Physics Question on Thermal Expansion

Question

Two ideal gas thermometers A and B use oxygen and hydrogen respectively. The following observations are made :Temperature	Pressure thermometer A	Pressure thermometer B
Triple-point of water	1.250 × 10 $^5$ Pa	0.200 × 10 $^5$ Pa
Normal melting point of sulphur	1.797× 10 $^5$ Pa	0.287 × 10 $^5$ Pa

What is the absolute temperature of normal melting point of sulphur as read by thermometers A and B?
What do you think is the reason behind the slight difference in answers of thermometers A and B ? (The thermometers are not faulty). What further procedure is needed in the experiment to reduce the discrepancy between the two readings?

Accepted Answer

(a) Triple point of water, T = 273.16 K.
At this temperature, pressure in thermometer A, $P_A$ = 1.250 × 10 $^5$ Pa
Let $T_1$ be the normal melting point of sulphur.
At this temperature, pressure in thermometer A, $P_1$ = 1.797 × 10 $^5$ Pa
According to Charles’ law, we have the relation:

$\frac{PA}{T}= \frac{P1}{T1}$

$T_1 = \frac{P_1T}{P_A}$ = $\frac{1.797\times 10^5\times 273.16}{1.250\times 10^5}$

= 392.69 K
Therefore, the absolute temperature of the normal melting point of sulphur as read by thermometer A is 392.69 K.
At triple point 273.16 K, the pressure in thermometer B, $P_B$ = 0.200 × 10 $^5$ Pa
At temperature T1, the pressure in thermometer B, $P_2$ = 0.287 × 10 $^5$ Pa
According to Charles’ law, we can write the relation:

$\frac{PB}{T}=\frac{P_1}{T_1}$

$\frac{0.200\times10^5}{273.16}$ = $\frac{0.287\times 10^5}{T_1}$

$T_1$ = $\frac{0.287\times10^5}{0.200\times10^5}$ × 273.16 = 391.98 K

Therefore, the absolute temperature of the normal melting point of sulphur as read by thermometer B is 391.98 K.

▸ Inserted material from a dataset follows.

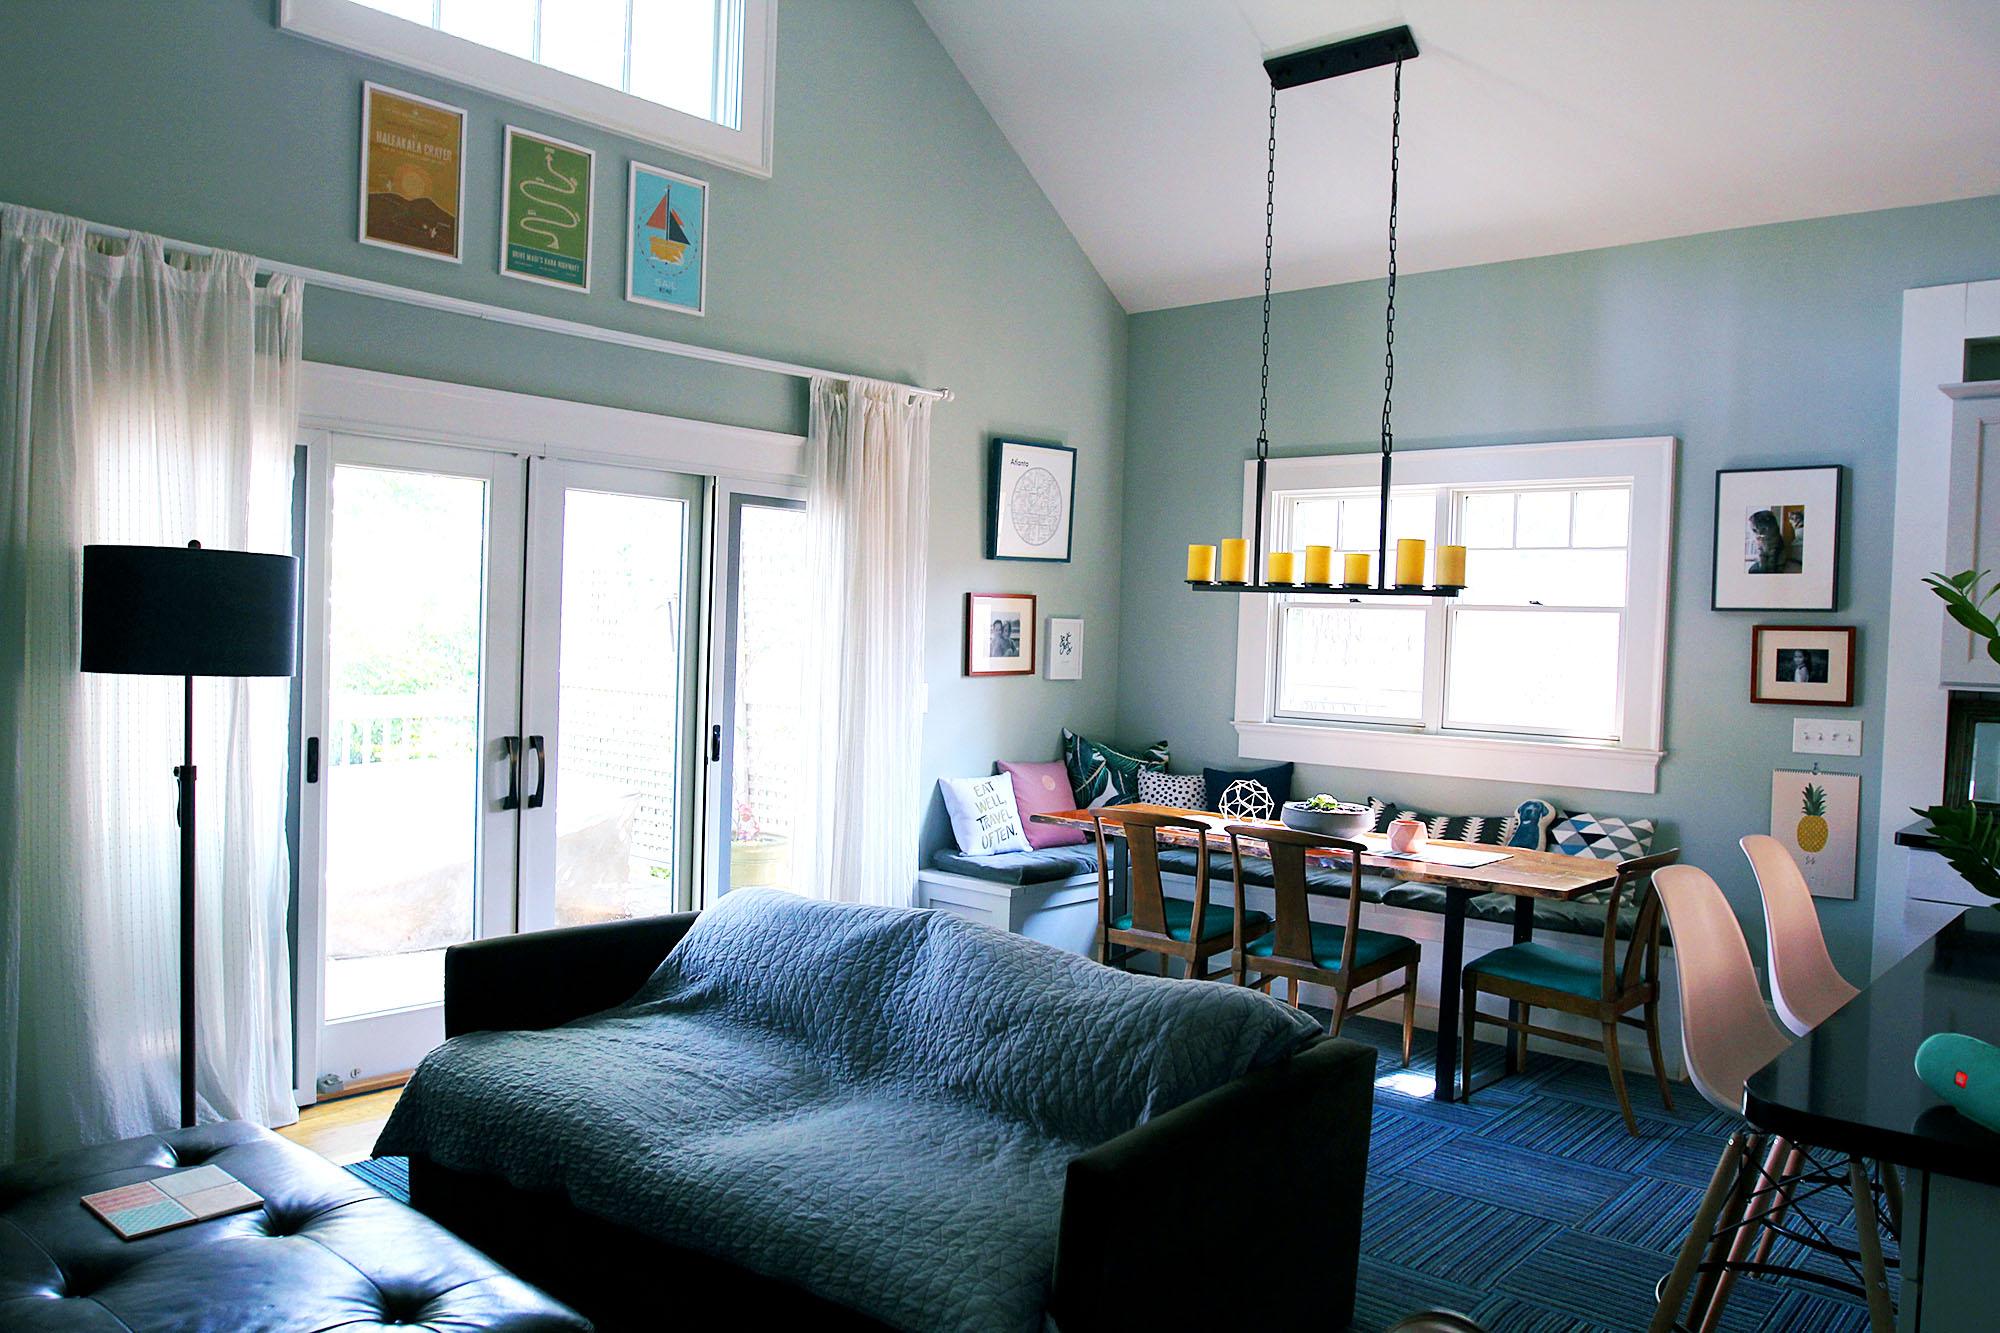 jo-torrijos-a-simpler-design-atlanta-modern-great-room-5.jpg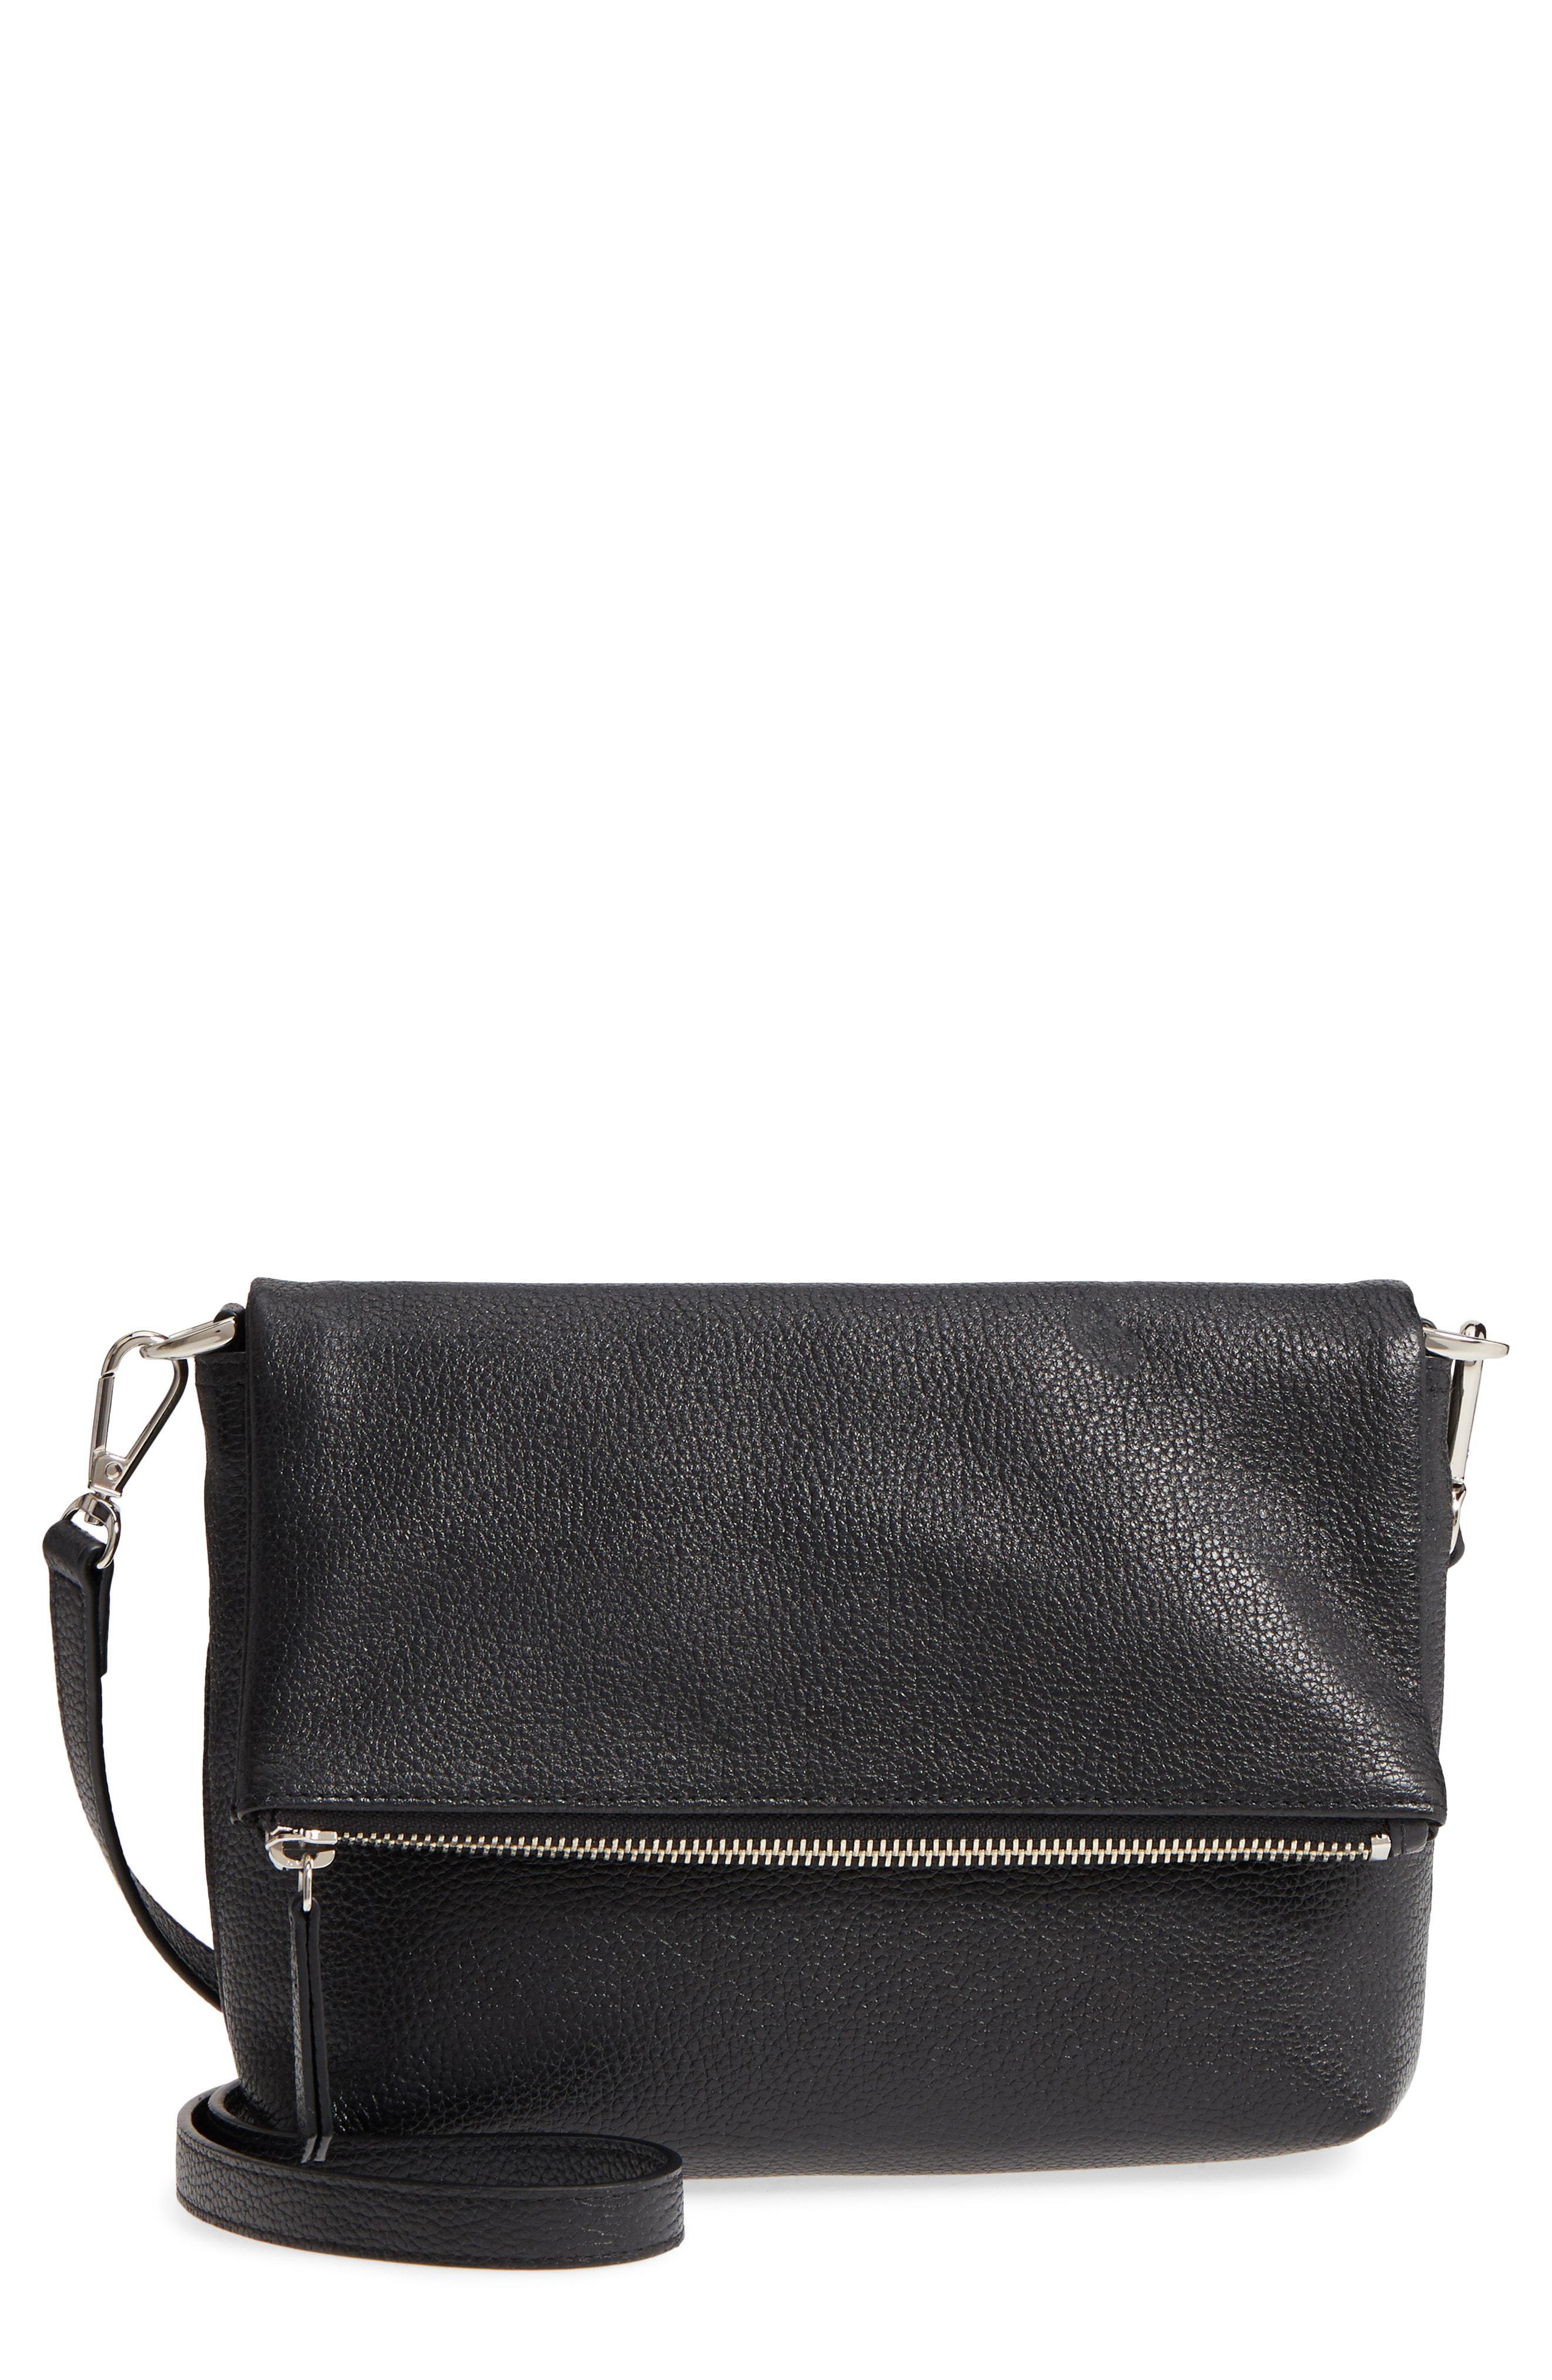 a0dd2a57452c Nordstrom. Women s Ava Foldover Crossbody Bag -

(b) The oxygen and hydrogen gas present in thermometers A and B respectively are not perfect ideal gases. Hence, there is a slight difference between the readings of thermometers A and B.
To reduce the discrepancy between the two readings, the experiment should be carried under low pressure conditions. At low pressure, these gases behave as perfect ideal gases.